### PROBLEM DESCRIPTION
Go through the listing below and write out exactly the lines from the one that mentions "paquete de diseño" through the one that mentions "Амкар Пермь - Динамо Москва 2006", minus the pictures.

### DATA SHOWN
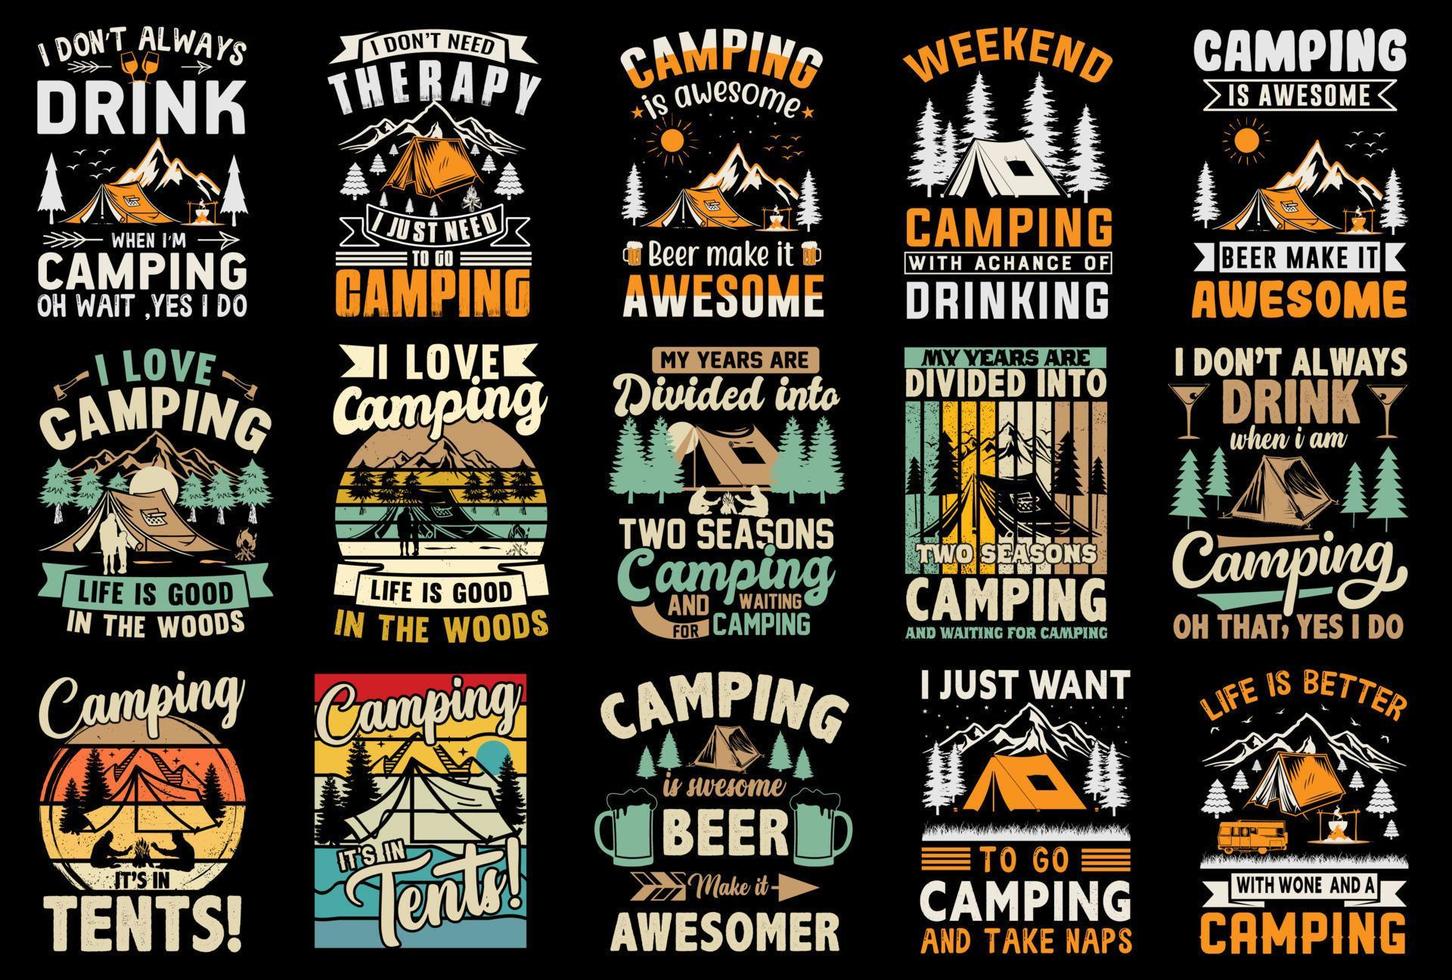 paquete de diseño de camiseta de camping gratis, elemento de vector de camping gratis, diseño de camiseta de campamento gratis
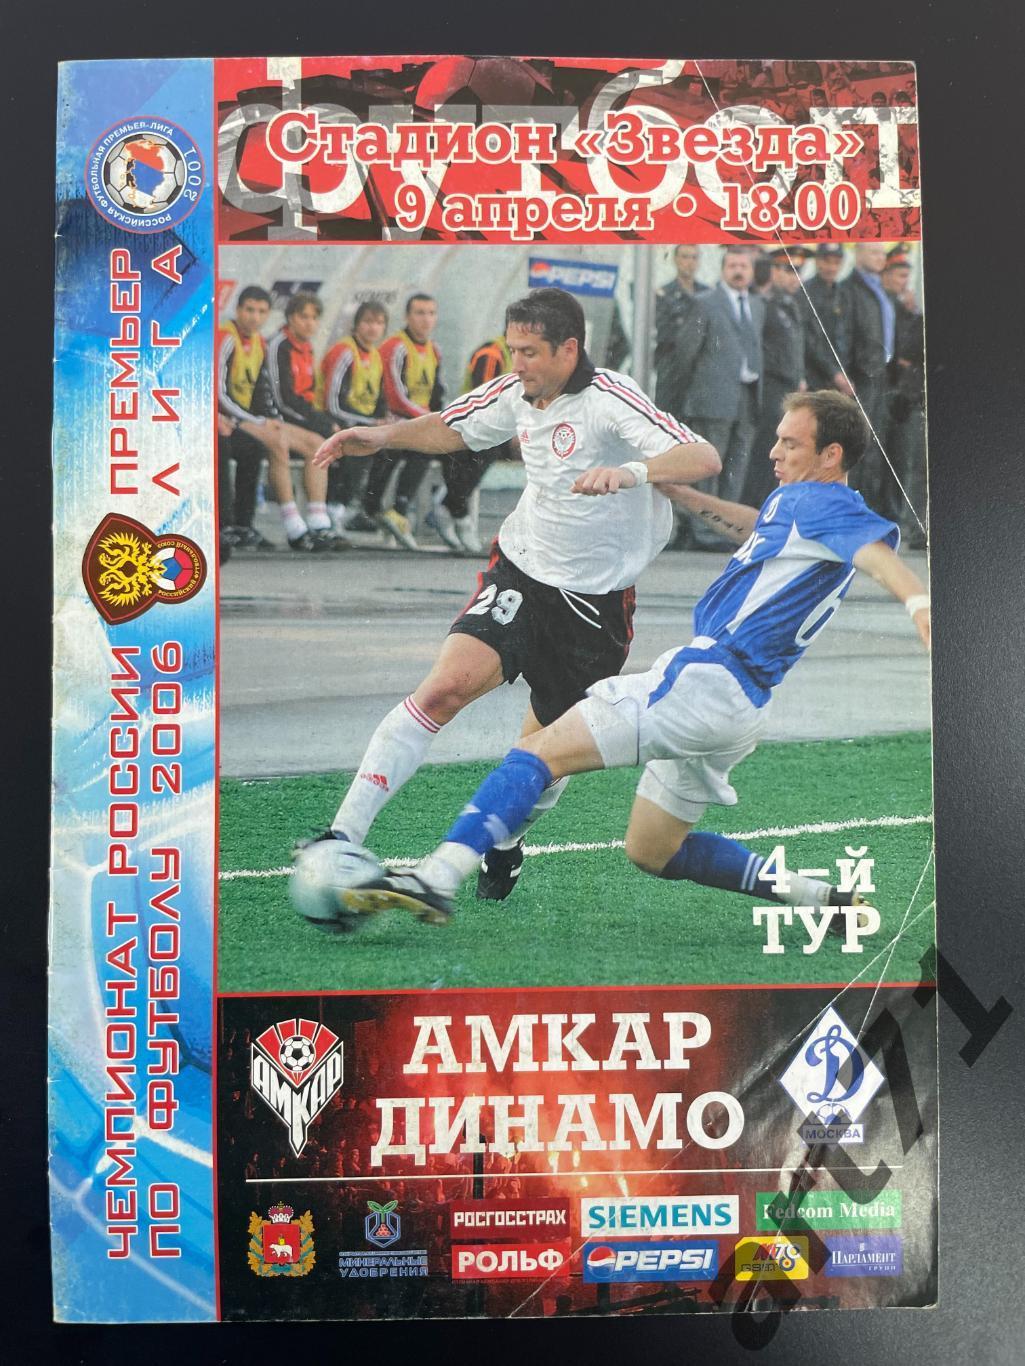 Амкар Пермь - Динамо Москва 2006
---
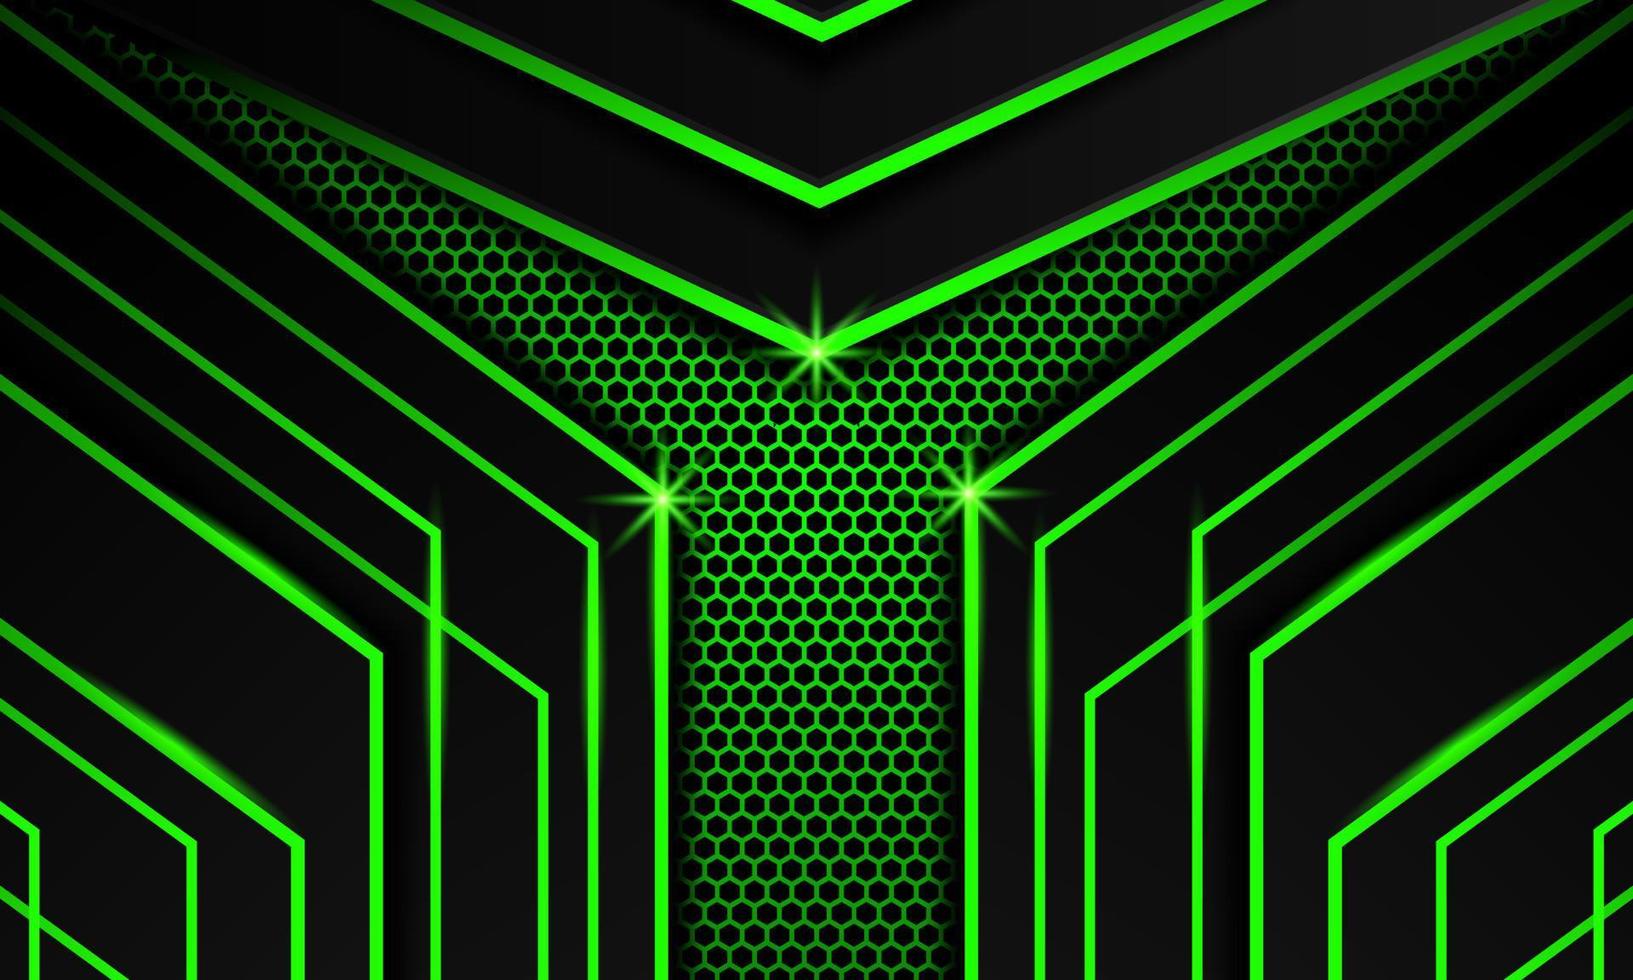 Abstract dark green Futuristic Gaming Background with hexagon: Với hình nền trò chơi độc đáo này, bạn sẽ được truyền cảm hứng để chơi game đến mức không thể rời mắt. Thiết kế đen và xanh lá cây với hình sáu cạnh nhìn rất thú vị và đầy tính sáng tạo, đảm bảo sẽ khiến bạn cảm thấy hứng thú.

### EXERCISE ANSWER
 paquete de diseño de camiseta de camping gratis, elemento de vector de camping gratis, diseño de camiseta de campamento gratis
 Амкар Пермь - Динамо Москва 2006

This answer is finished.